» **PROVIDED INFORMATION**
======
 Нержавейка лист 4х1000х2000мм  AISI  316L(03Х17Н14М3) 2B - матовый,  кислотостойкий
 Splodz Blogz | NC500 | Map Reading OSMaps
======
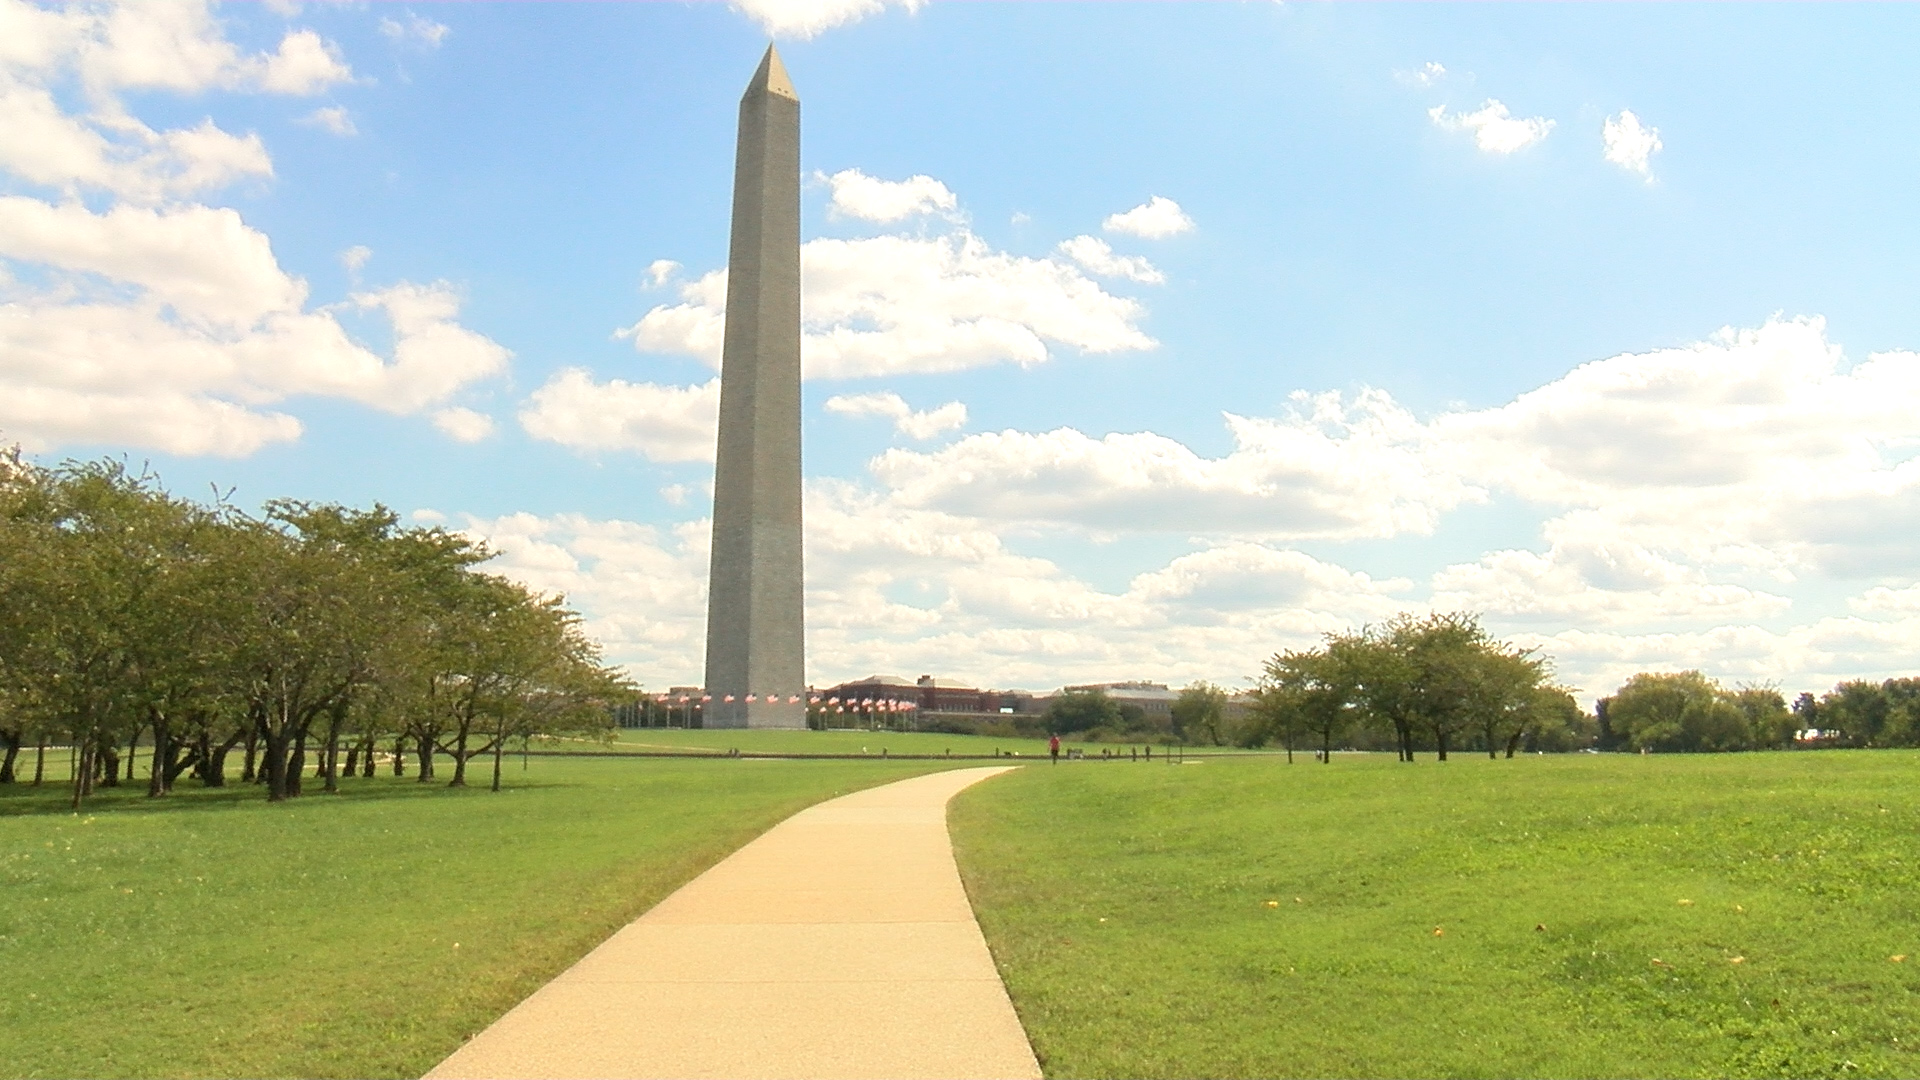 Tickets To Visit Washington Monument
======
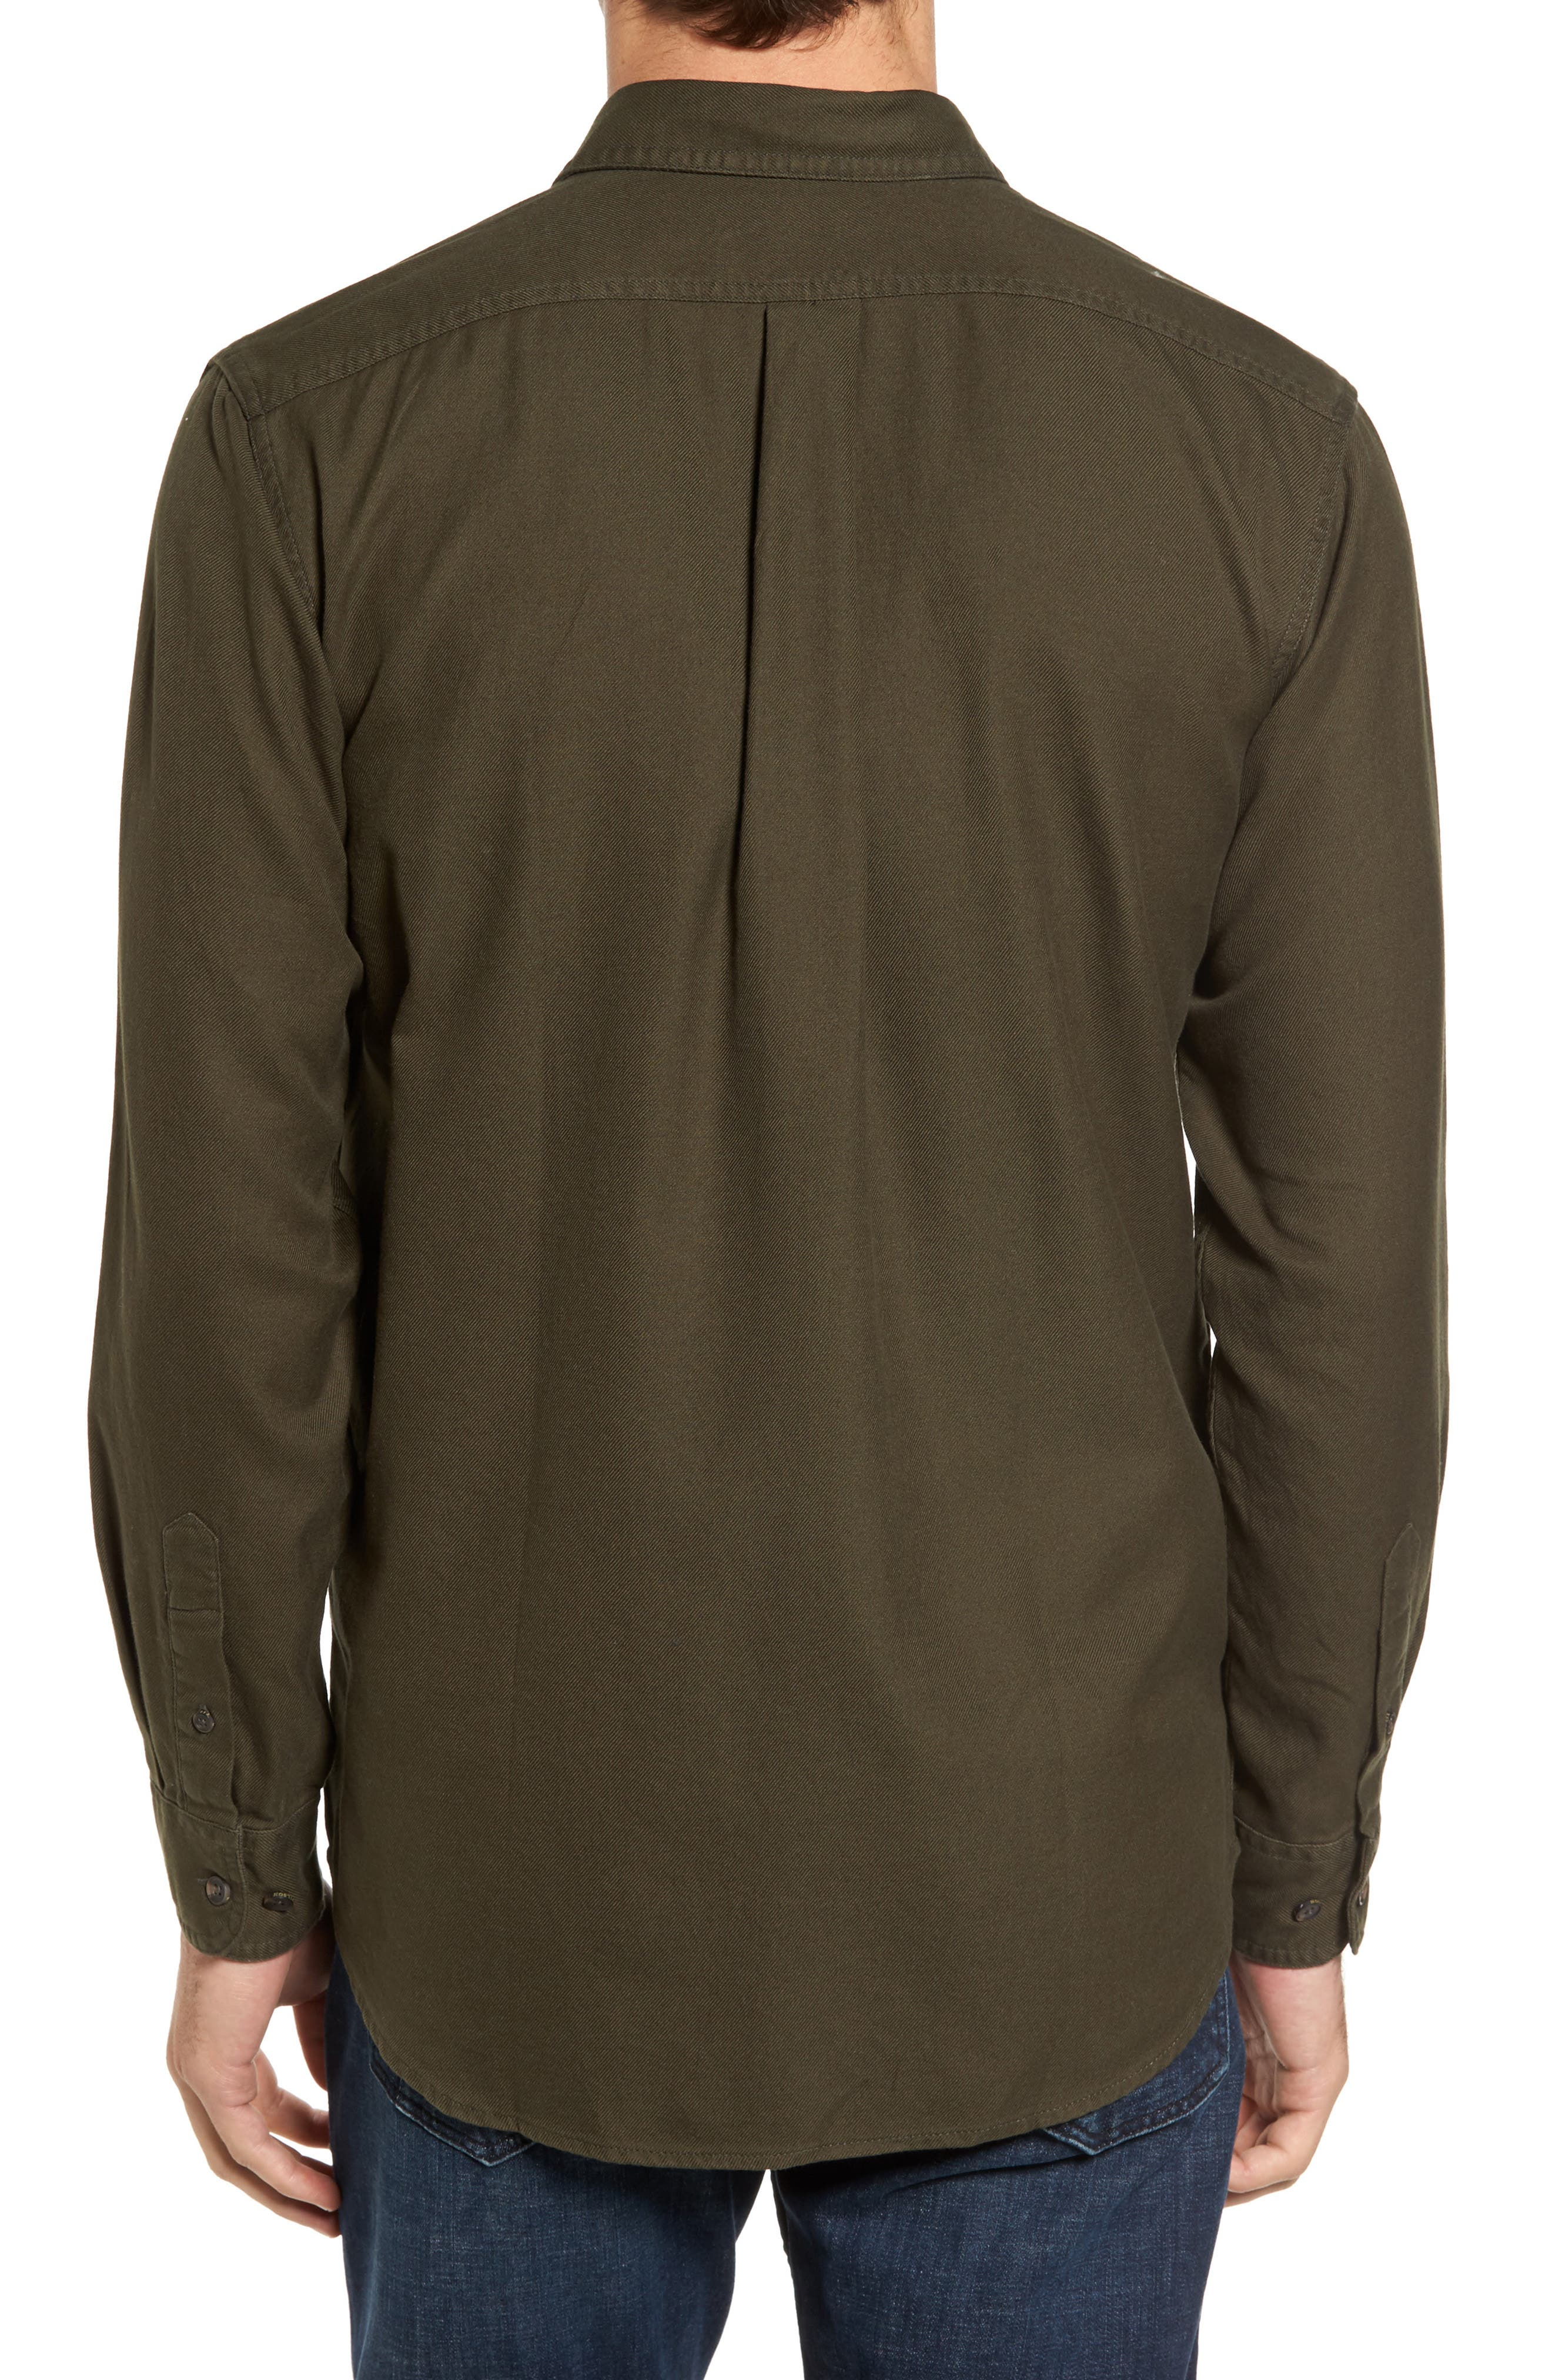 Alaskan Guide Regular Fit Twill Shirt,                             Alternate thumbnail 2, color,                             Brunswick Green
======
» **WHAT TO DO**
Retype exactly the lines above, from the one with "Нержавейка лист 4х1000х2000мм" through the one with "Splodz Blogz | NC500 | Map Reading OSMaps", inclusive.

» **RESULT OF THE EXERCISE**
 Нержавейка лист 4х1000х2000мм  AISI  316L(03Х17Н14М3) 2B - матовый,  кислотостойкий
 Splodz Blogz | NC500 | Map Reading OSMaps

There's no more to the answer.